Instructions for the task —
Transcribe the full listing below, word for word, without pictures.

Supplied information —
■ ■ ■

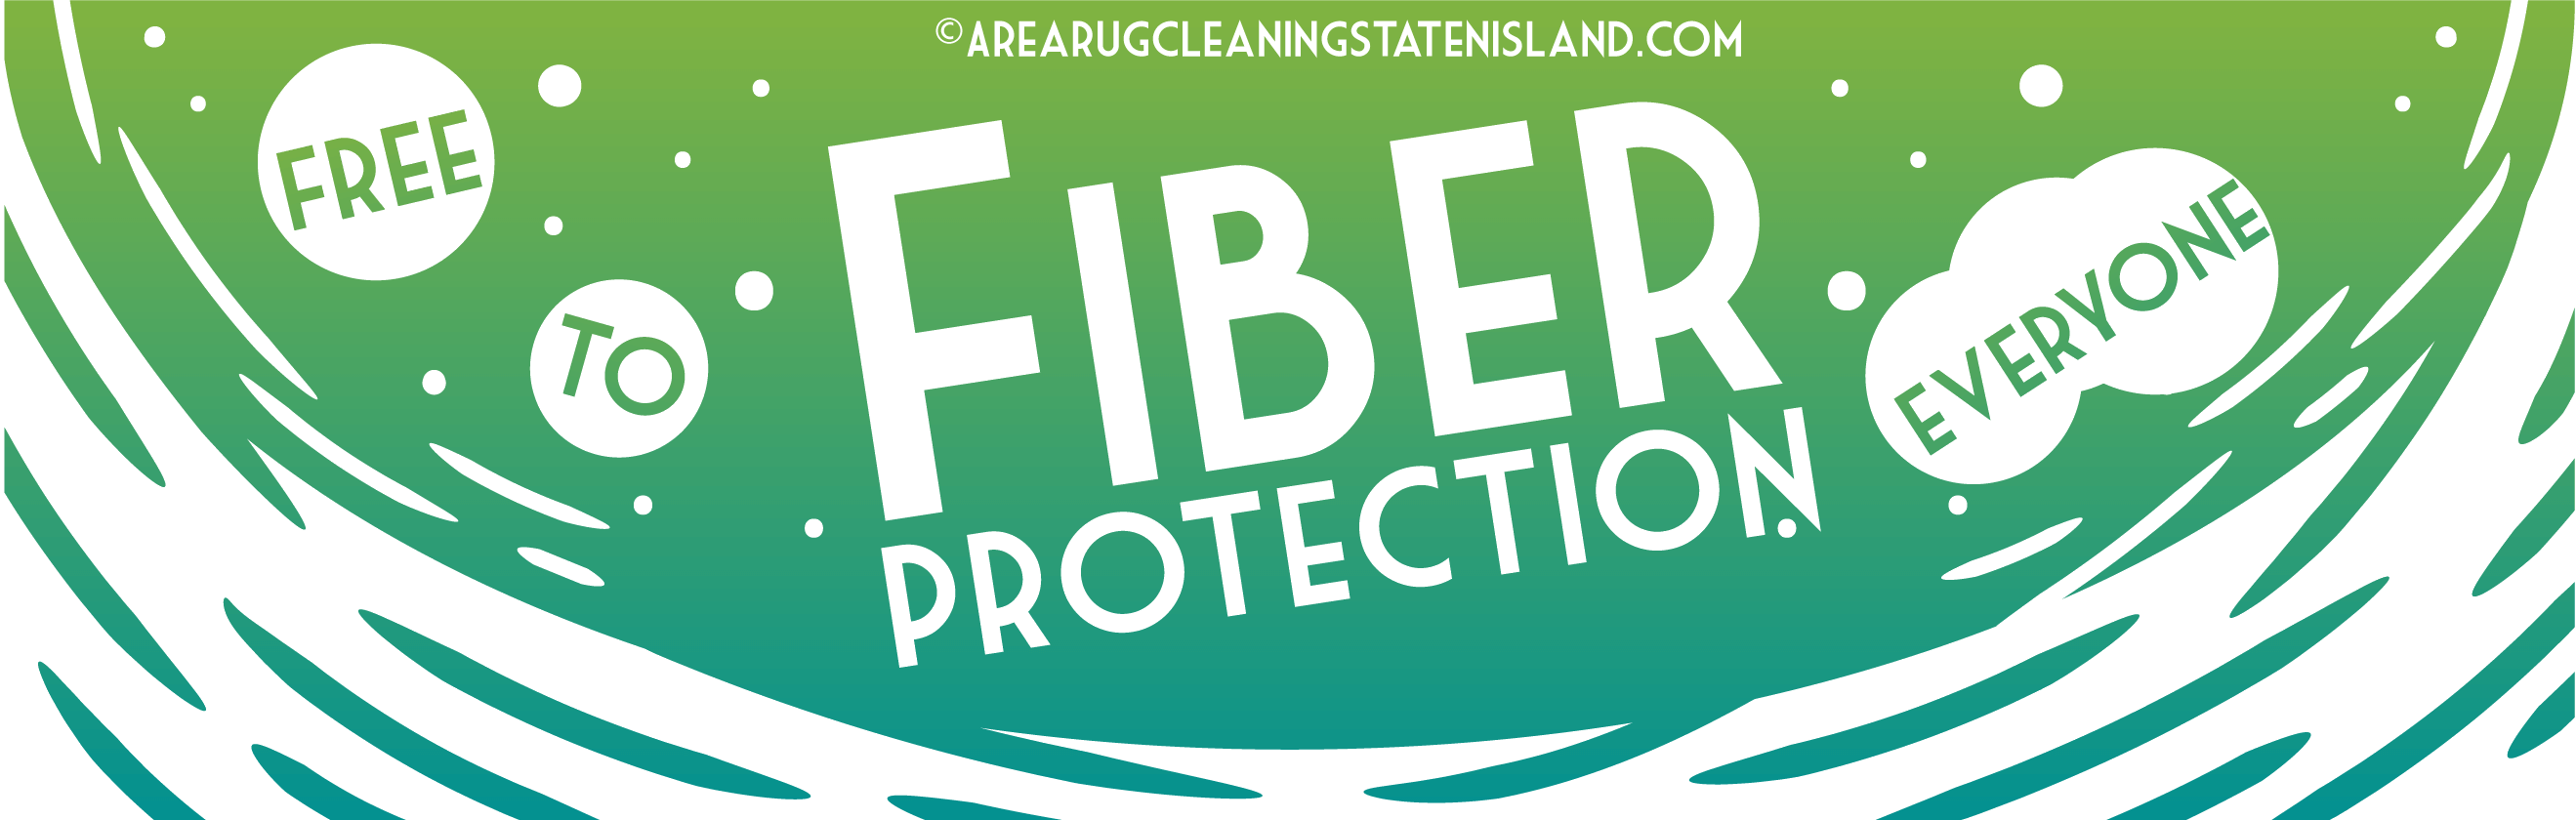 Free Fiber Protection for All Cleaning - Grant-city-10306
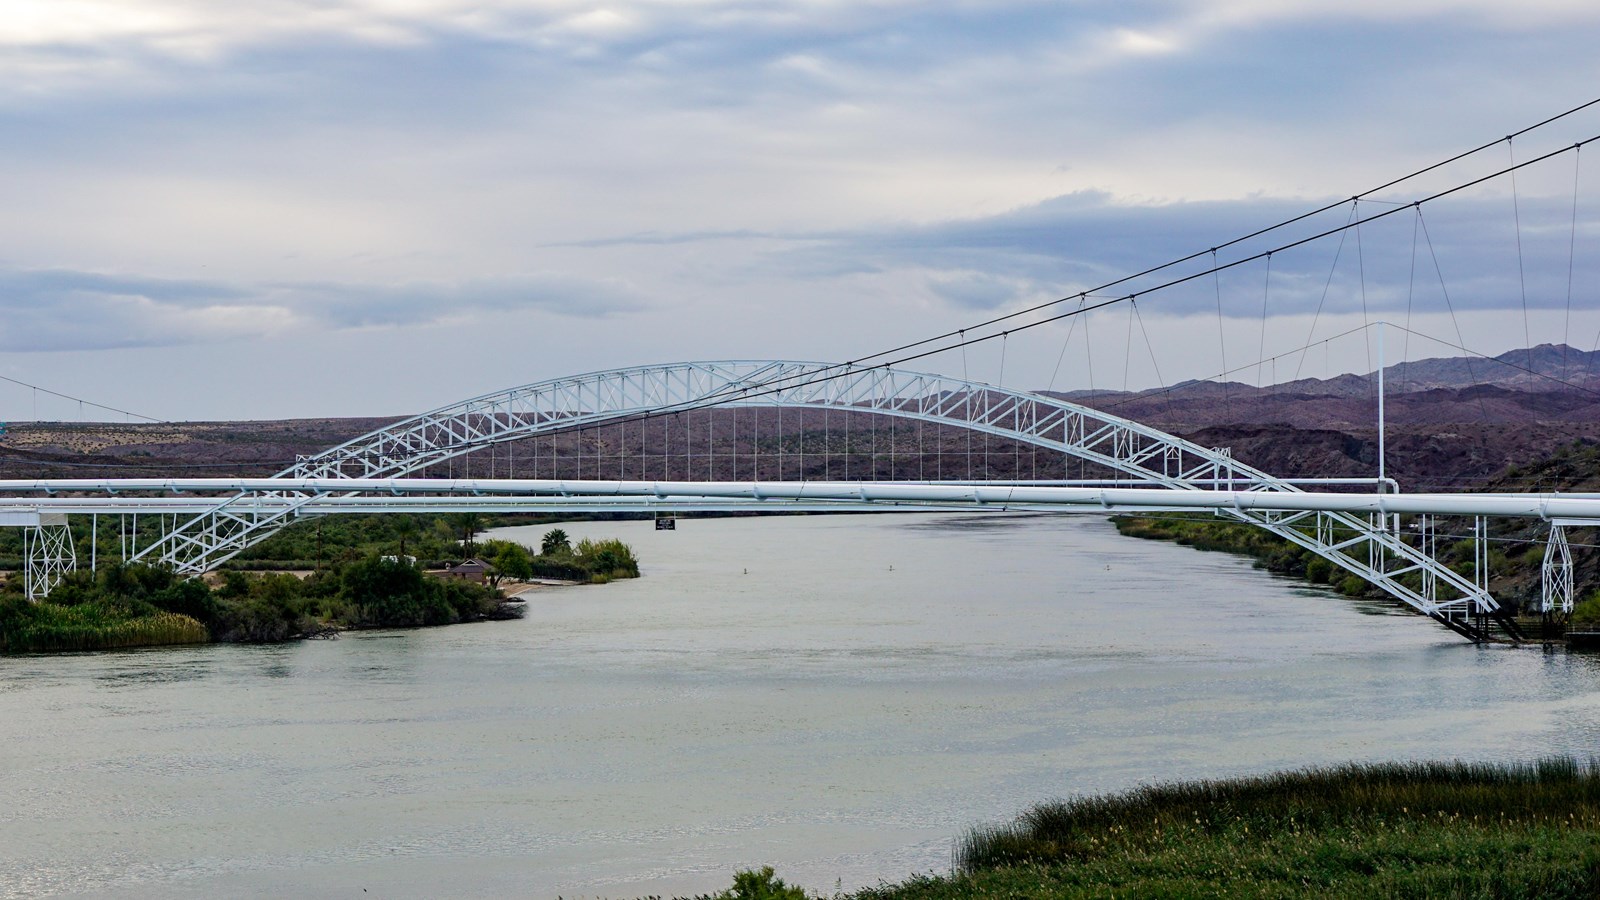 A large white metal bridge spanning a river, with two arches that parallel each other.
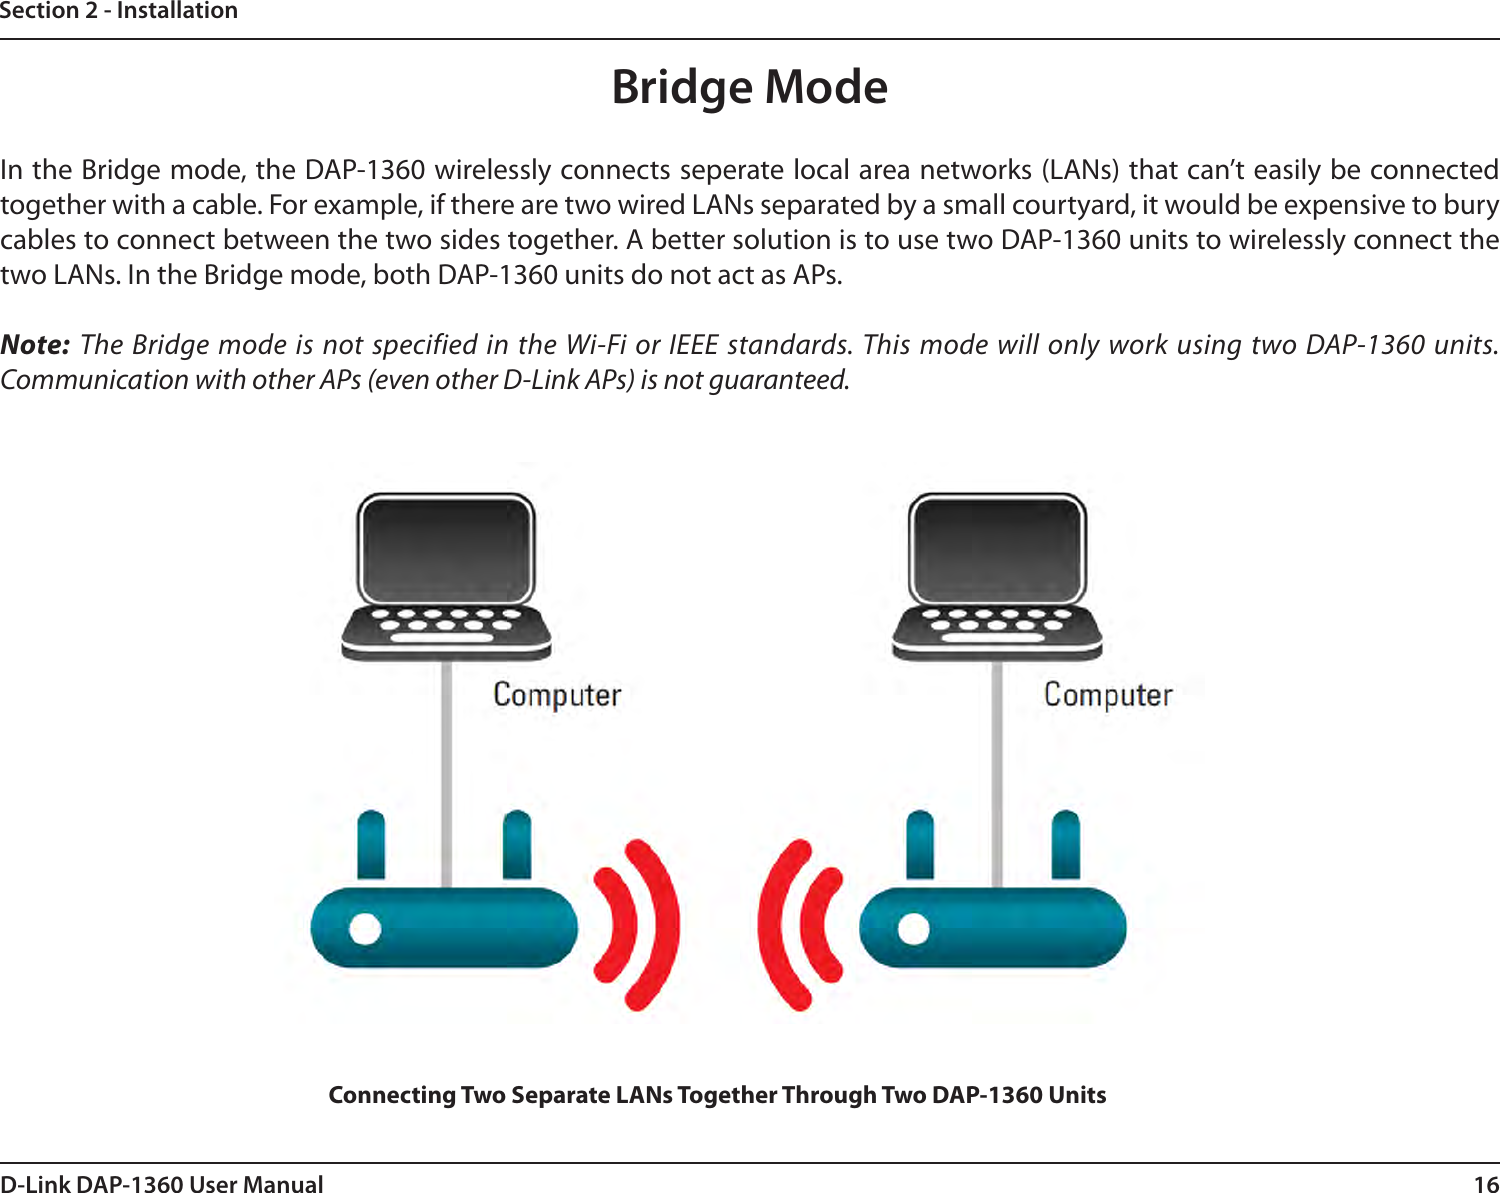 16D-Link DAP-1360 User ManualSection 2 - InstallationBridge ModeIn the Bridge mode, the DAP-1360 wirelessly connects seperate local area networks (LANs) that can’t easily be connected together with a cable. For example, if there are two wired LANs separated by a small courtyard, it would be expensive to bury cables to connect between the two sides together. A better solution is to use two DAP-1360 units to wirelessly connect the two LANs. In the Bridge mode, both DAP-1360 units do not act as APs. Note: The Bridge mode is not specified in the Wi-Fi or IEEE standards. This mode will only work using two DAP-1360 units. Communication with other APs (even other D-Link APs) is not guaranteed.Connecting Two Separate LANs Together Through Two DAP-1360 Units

■ ■ ■

Solution for this exercise —
 Free Fiber Protection for All Cleaning - Grant-city-10306
 A large white metal bridge spanning a river, with two arches that parallel each other.
 16D-Link DAP-1360 User ManualSection 2 - InstallationBridge ModeIn the Bridge mode, the DAP-1360 wirelessly connects seperate local area networks (LANs) that can’t easily be connected together with a cable. For example, if there are two wired LANs separated by a small courtyard, it would be expensive to bury cables to connect between the two sides together. A better solution is to use two DAP-1360 units to wirelessly connect the two LANs. In the Bridge mode, both DAP-1360 units do not act as APs. Note: The Bridge mode is not specified in the Wi-Fi or IEEE standards. This mode will only work using two DAP-1360 units. Communication with other APs (even other D-Link APs) is not guaranteed.Connecting Two Separate LANs Together Through Two DAP-1360 Units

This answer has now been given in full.